L'azione del CBD sui recettori e i neurotrasmettitori

L'azione del CBD è complessa e non deriva da un unico meccanismo. Sebbene le vie attraverso cui agisce non siano ancora del tutto note, si ipotizza che il CBD interagisca con diversi recettori, tra cui:

· TRPV1, il recettore sensibile al freddo, al dolore e al prurito. Il CBD agisce come agonista del TRPV1 e può indurre una desensibilizzazione del recettore, determinando effetti analgesici[2].

· CB1, CB2 : gli effetti del CBD su questi recettori sono coinvolti nella regolazione del dolore e dell'ansia[3]

· GPR55 : il CBD è un antagonista del GPR55, attraverso il quale potrebbe esercitare effetti antinfiammatori[4]

· 5-HT1A, il recettore della serotonina che svolge un ruolo protettivo contro lo stress ossidativo.

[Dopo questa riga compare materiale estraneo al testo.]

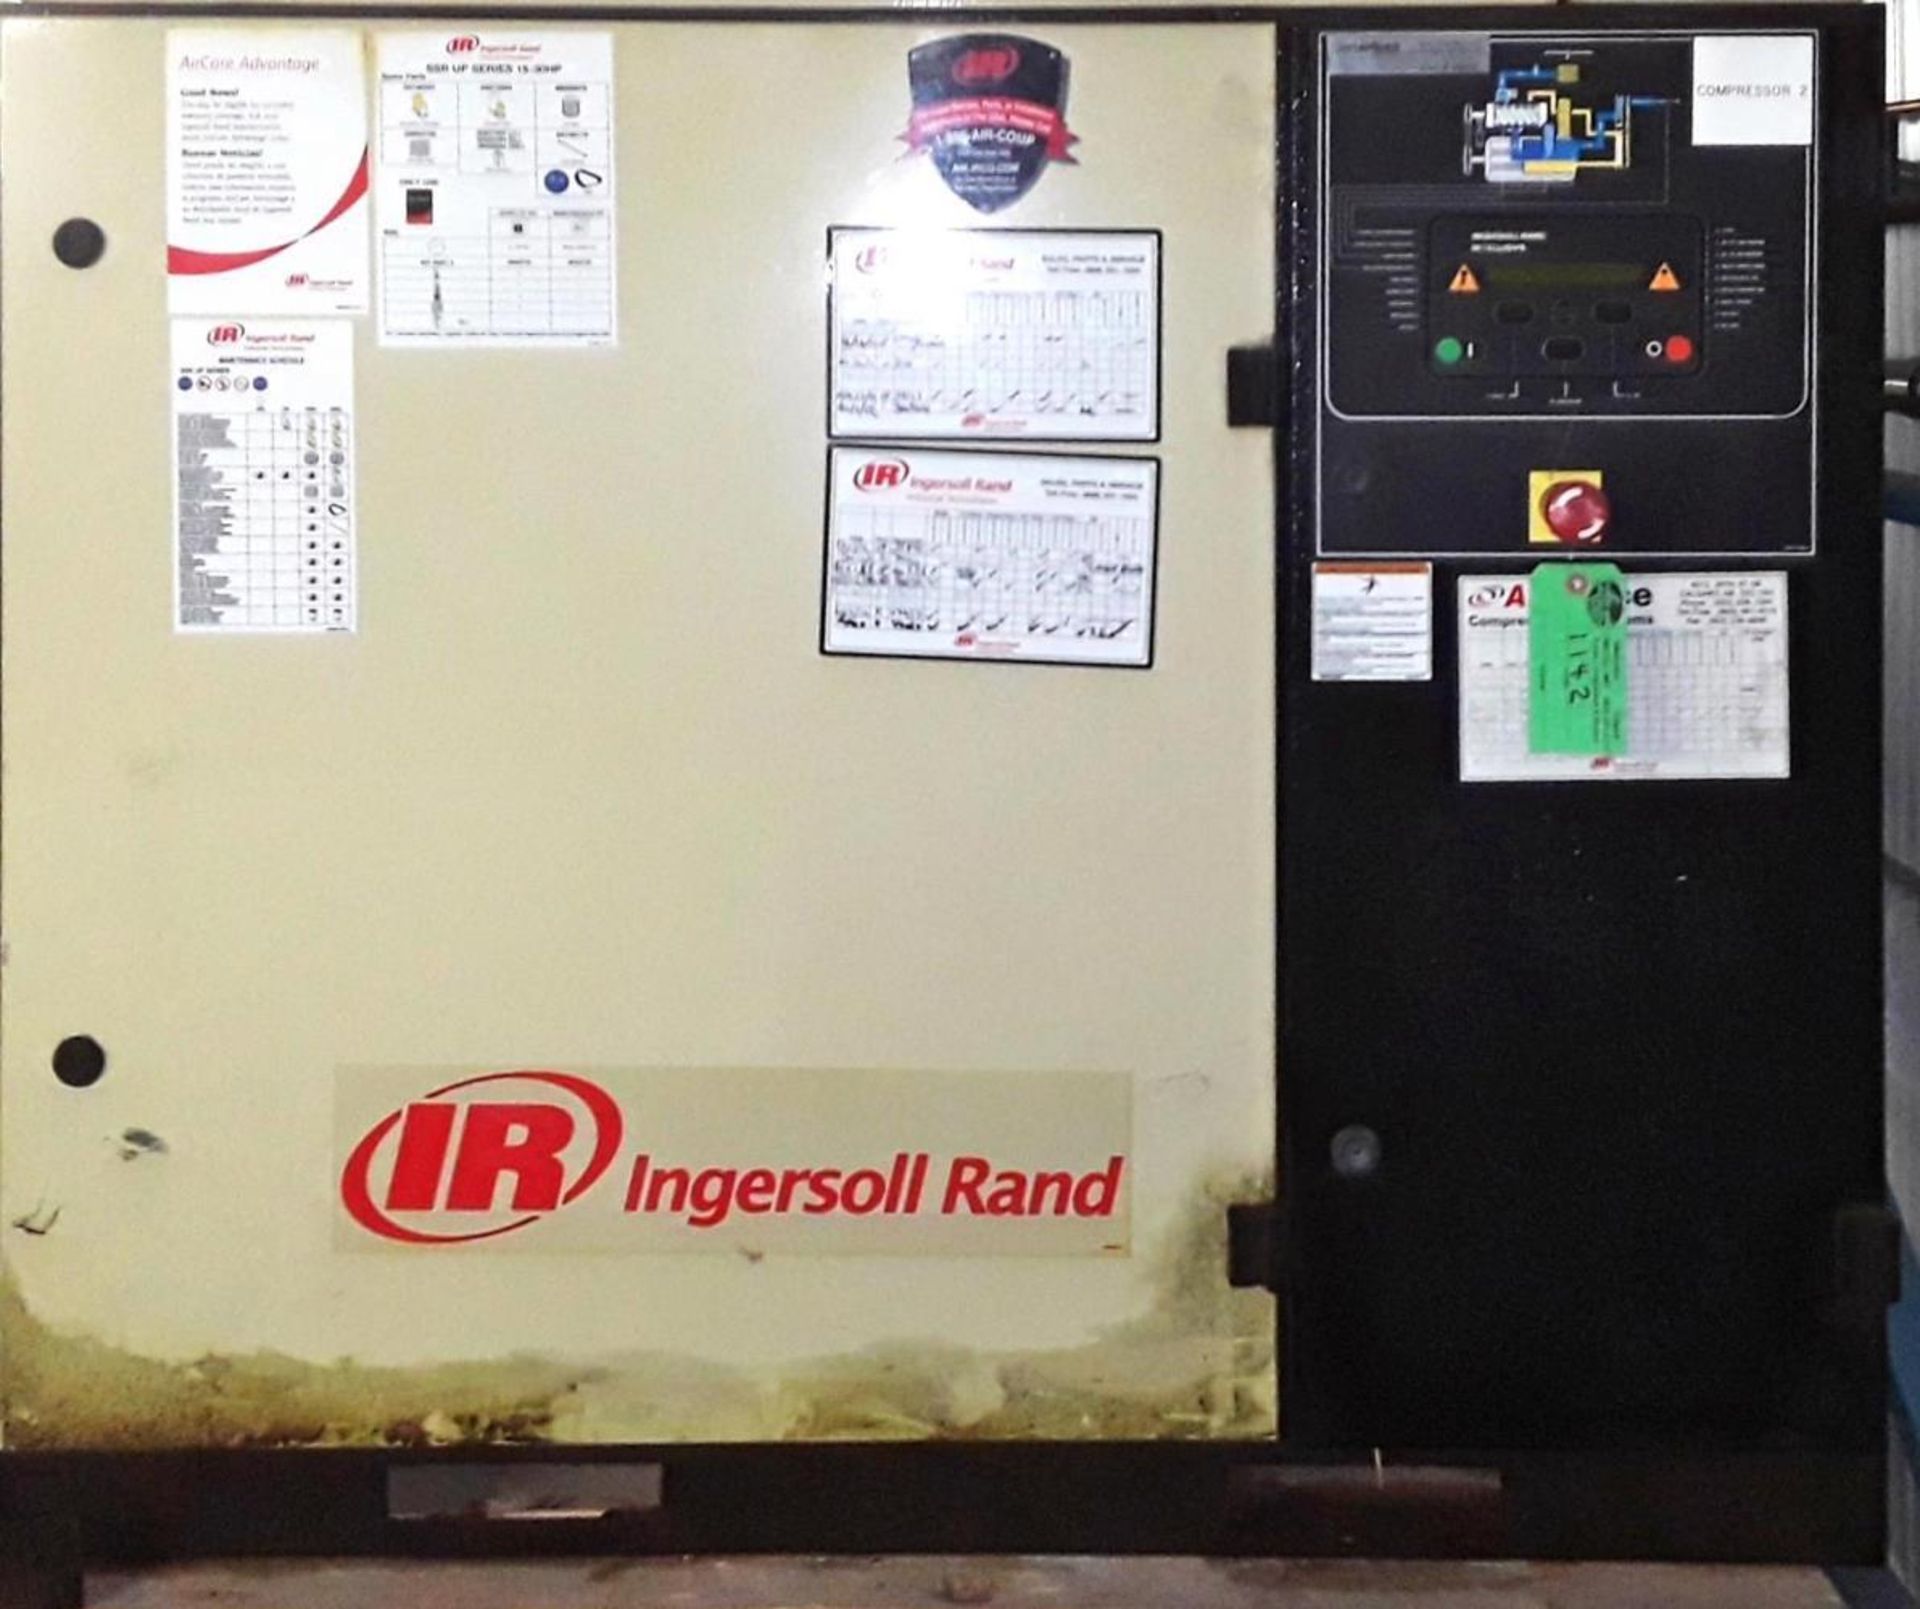 INGERSOLL-RAND SSR UP6-15-125 ROTARY SCREW AIR COMPRESSOR WITH 15 HP, 90 PSI, 65 CFM, S/N: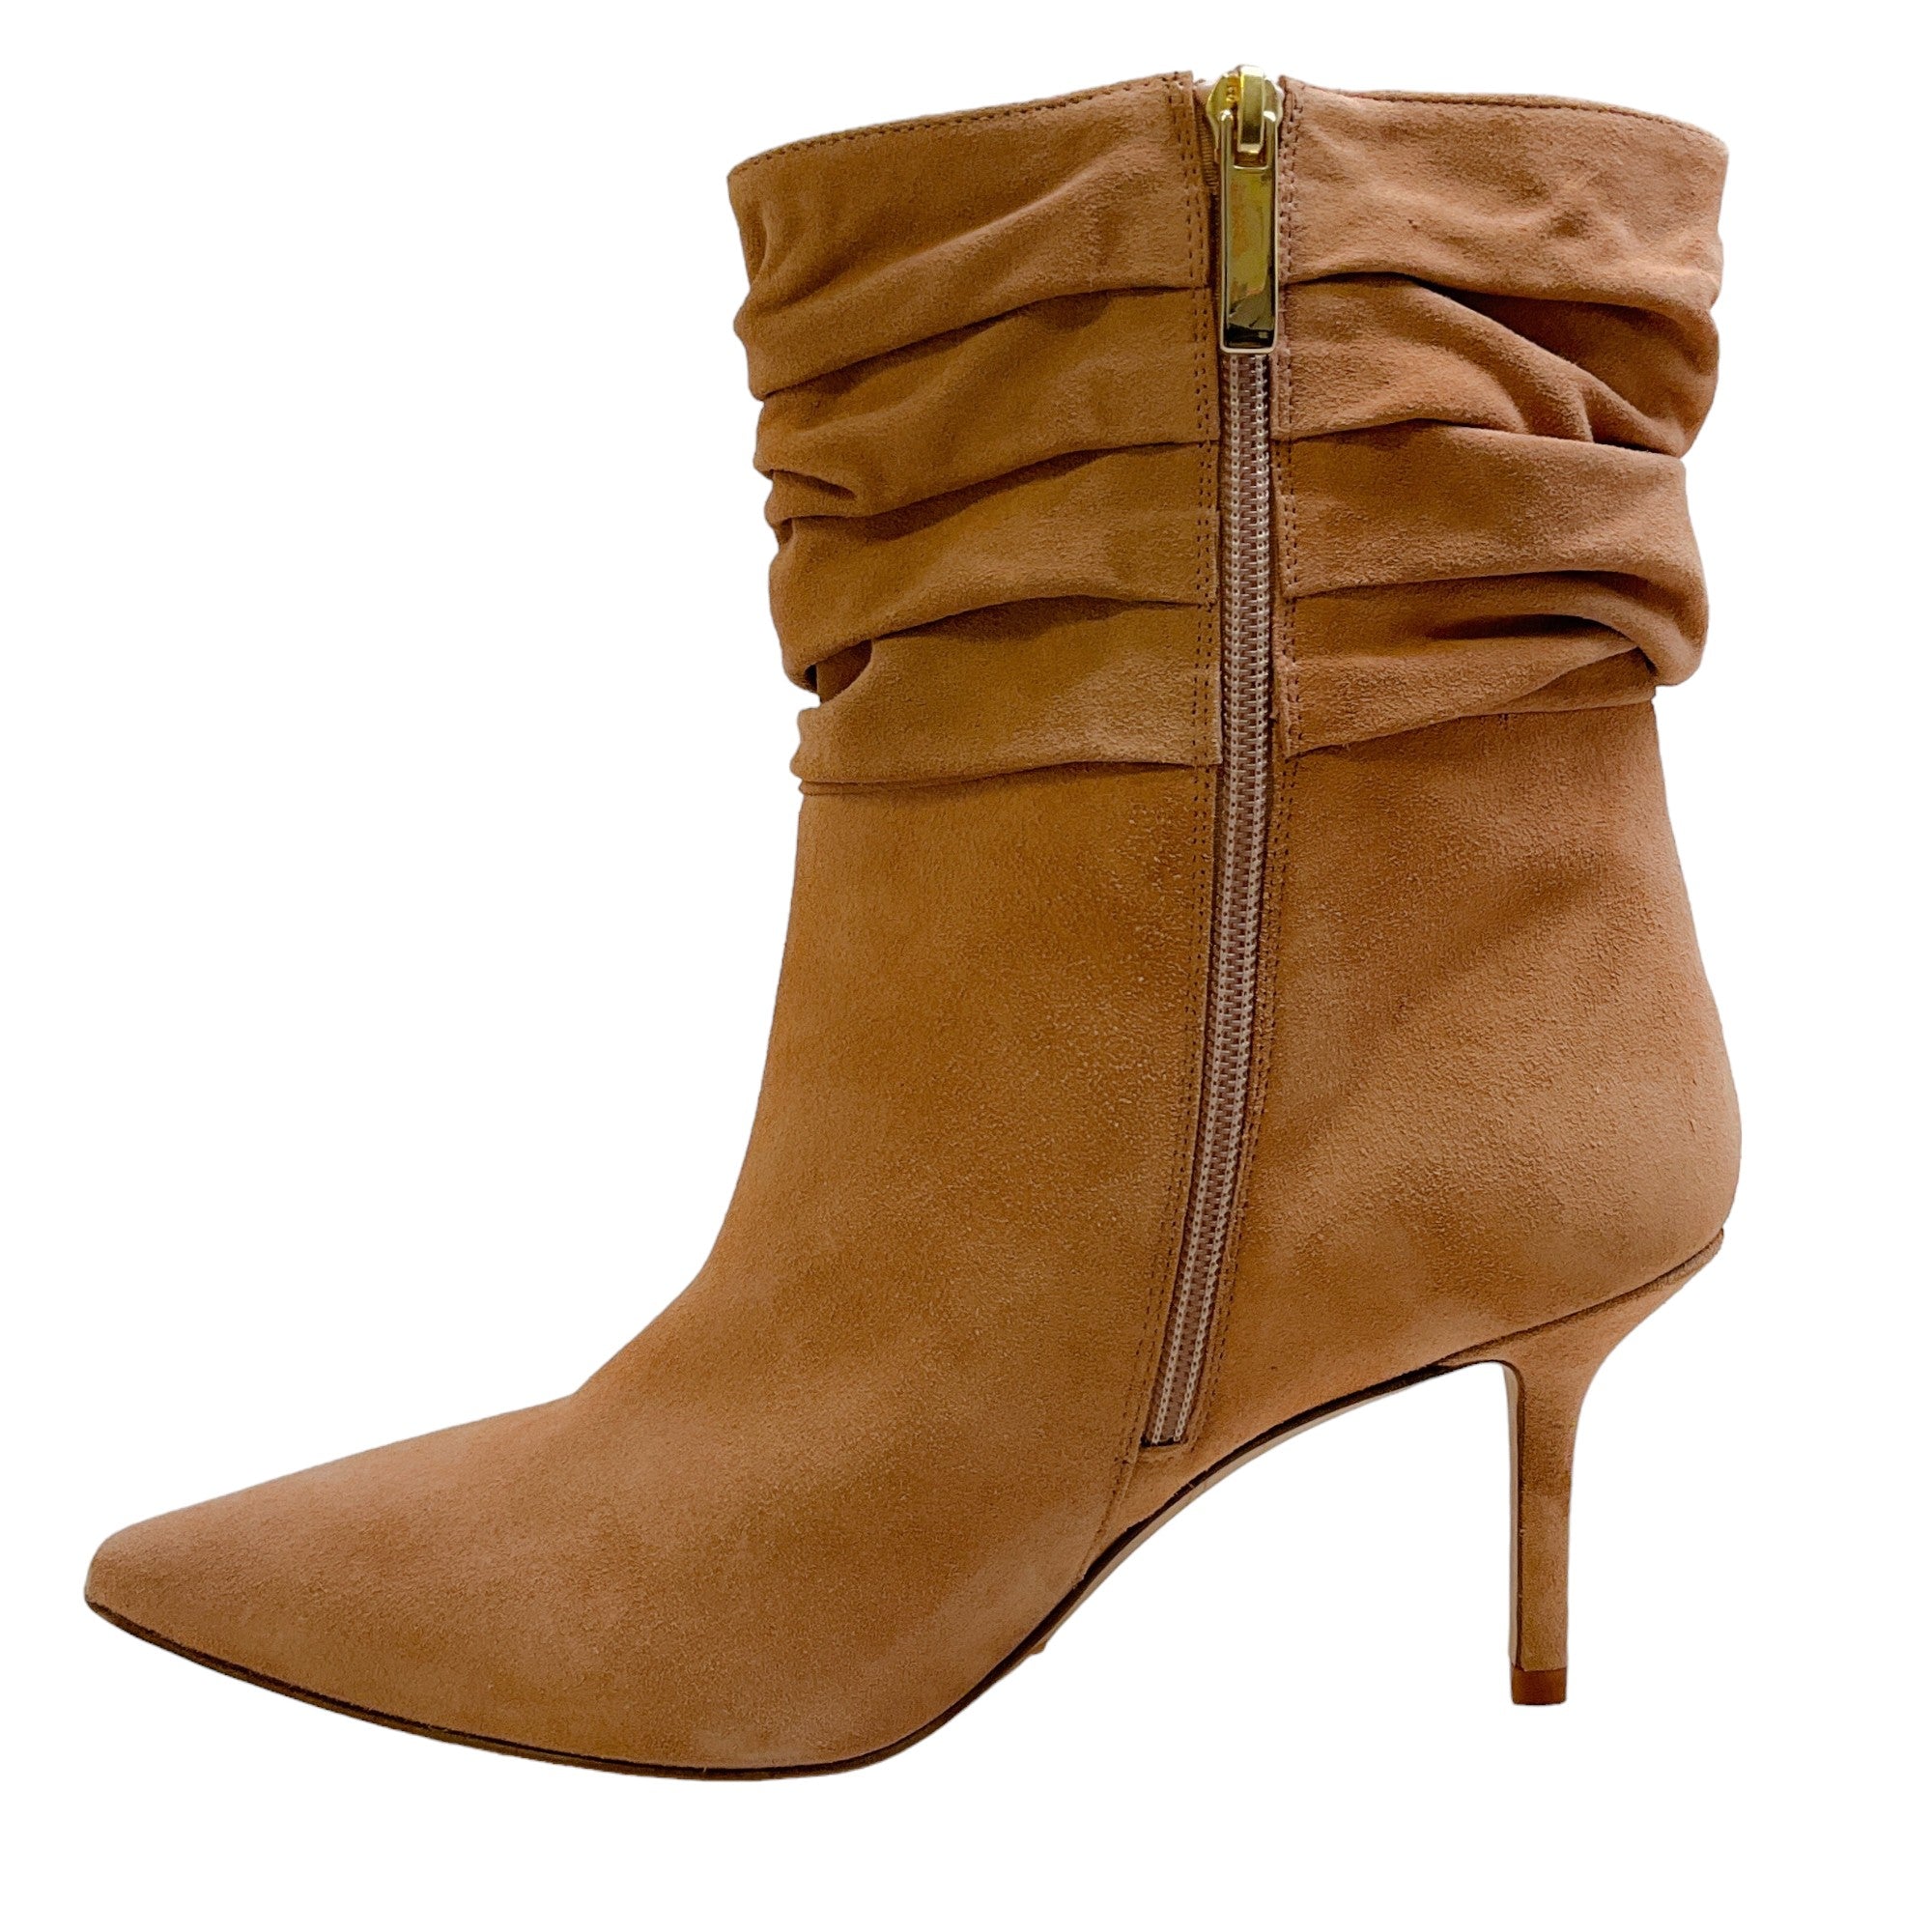 L'Agence Beige Suede Florine Slouch Booties

In uno studio, il trattamento con CBD ha parzialmente prevenuto lo stress ossidativo e l'infiammazione attraverso questo recettore[5]

· A2a, il recettore dell'adenosina : stimolando questo recettore, il CBD potrebbe esercitare effetti antinfiammatori e neuroprotettivi[6].

Gli effetti potenzialmente benefici, ma variabili, del CBD sul cervello

Dalle ricerche condotte sul CBD, emergono diversi possibili effetti sul cervello.

La salute mentale

Regolando l'attività di alcune aree cerebrali associate all'ansia e allo stress, il CBD avrebbe un effetto ansiolitico sul sistema nervoso centrale e favorirebbe il rilassamento. Potrebbe inoltre migliorare indirettamente il sonno nelle persone che soffrono d'ansia[7]. Sono stati dimostrati anche effetti di tipo antidepressivo del CBD[8].

La cognizione

Diversi studi evidenziano gli effetti benefici del CBD su vari aspetti del comportamento umano, in particolare sul sonno e sulla memoria. Nei ratti, un pretrattamento con CBD ha attenuato i deficit di memoria[9]. Un meccanismo ipotizzato attraverso cui il CBD potrebbe migliorare i disturbi della memoria si basa sulle sue proprietà antiossidanti : riducendo il rischio di stress ossidativo, il CBD potrebbe proteggere le cellule cerebrali.

Il sistema nervoso

Poiché il CBD possiede proprietà anticonvulsivanti[10], è principalmente noto per i suoi effetti nella gestione delle crisi epilettiche. Avrebbe inoltre il potenziale di attenuare i sintomi di diverse patologie cerebrali come il morbo di Alzheimer, il morbo di Huntington e il morbo di Parkinson.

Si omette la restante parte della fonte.